2. Analysis Backends

Each language has a dedicated analysis backend implemented under cldk.analysis.<language>, responsible for coordinating concrete analysis steps using language-specific tooling:

Java

  • Backend: cldk.analysis.java
  • Tools: JavaParser, WALA (via CodeAnalyzer JAR)
  • Capabilities: Bytecode-level call graphs, symbol resolution, method declarations, type hierarchies

Python

  • Backend: cldk.analysis.python
  • Tools: Tree-sitter
  • Capabilities: Lightweight structural parsing, method/function boundaries, control/data flow approximation

C

  • Backend: cldk.analysis.c
  • Tools: Clang frontend
  • Capabilities: Structural symbol resolution and method/function layout using Clang AST

All analysis backends share common infrastructure defined in cldk.analysis.commons, including:

  • Tree-sitter utilities (treesitter_java, treesitter_python)
  • LSP integration hooks
  • Generic model builders and transformation utilities

Backends are internally orchestrated such that the user does not interact with them directly.

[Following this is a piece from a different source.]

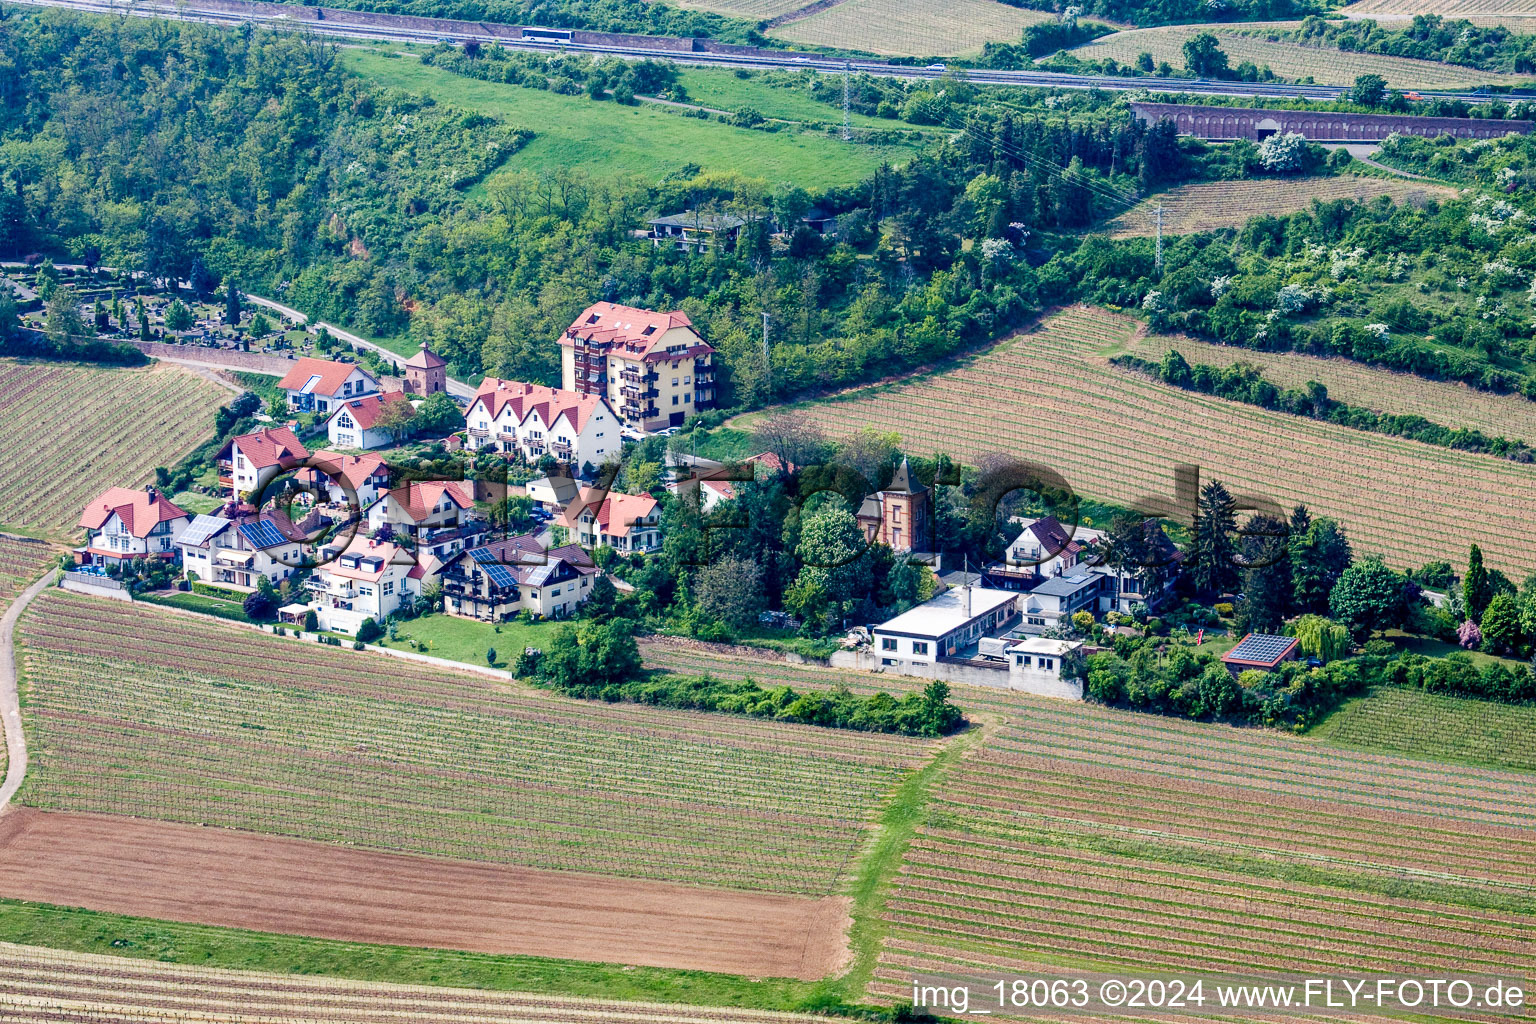 The district on Sausenheimerstrasse in Neuleiningen in the state Rhineland-Palatinate, Germany

Instead, they simply call high-level SDK methods such as:

get_method_body(...)
get_method_signature(...)
get_call_graph(...)

CLDK handles tool coordination, language resolution, parsing, transformation, and data marshalling under the hood.


3. Utilities and Extensions

The cldk.utils module provides additional support functionality:

  • Exception handling utilities
  • Logging configuration
  • Sanitization logic (especially for Java, via sanitization.java.treesitter_sanitizer)

These modules ensure robustness and clean error management across backend interactions and user API layers.

Contributing

We invite contributors of all levels of experience! We would love to see you get involved in the project. See the CONTRIBUTING guide to get started.

Publication (papers and blogs related to CLDK)

  1. Krishna, Rahul, Rangeet Pan, Raju Pavuluri, Srikanth Tamilselvam, Maja Vukovic, and Saurabh Sinha. "Codellm-Devkit: A Framework for Contextualizing Code LLMs with Program Analysis Insights." arXiv preprint arXiv:2410.13007 (2024).
  2. Pan, Rangeet, Myeongsoo Kim, Rahul Krishna, Raju Pavuluri, and Saurabh Sinha. "Multi-language Unit Test Generation using LLMs." arXiv preprint arXiv:2409.03093 (2024).
  3. Pan, Rangeet, Rahul Krishna, Raju Pavuluri, Saurabh Sinha, and Maja Vukovic., "Simplify your Code LLM solutions using CodeLLM Dev Kit (CLDK).", Blog.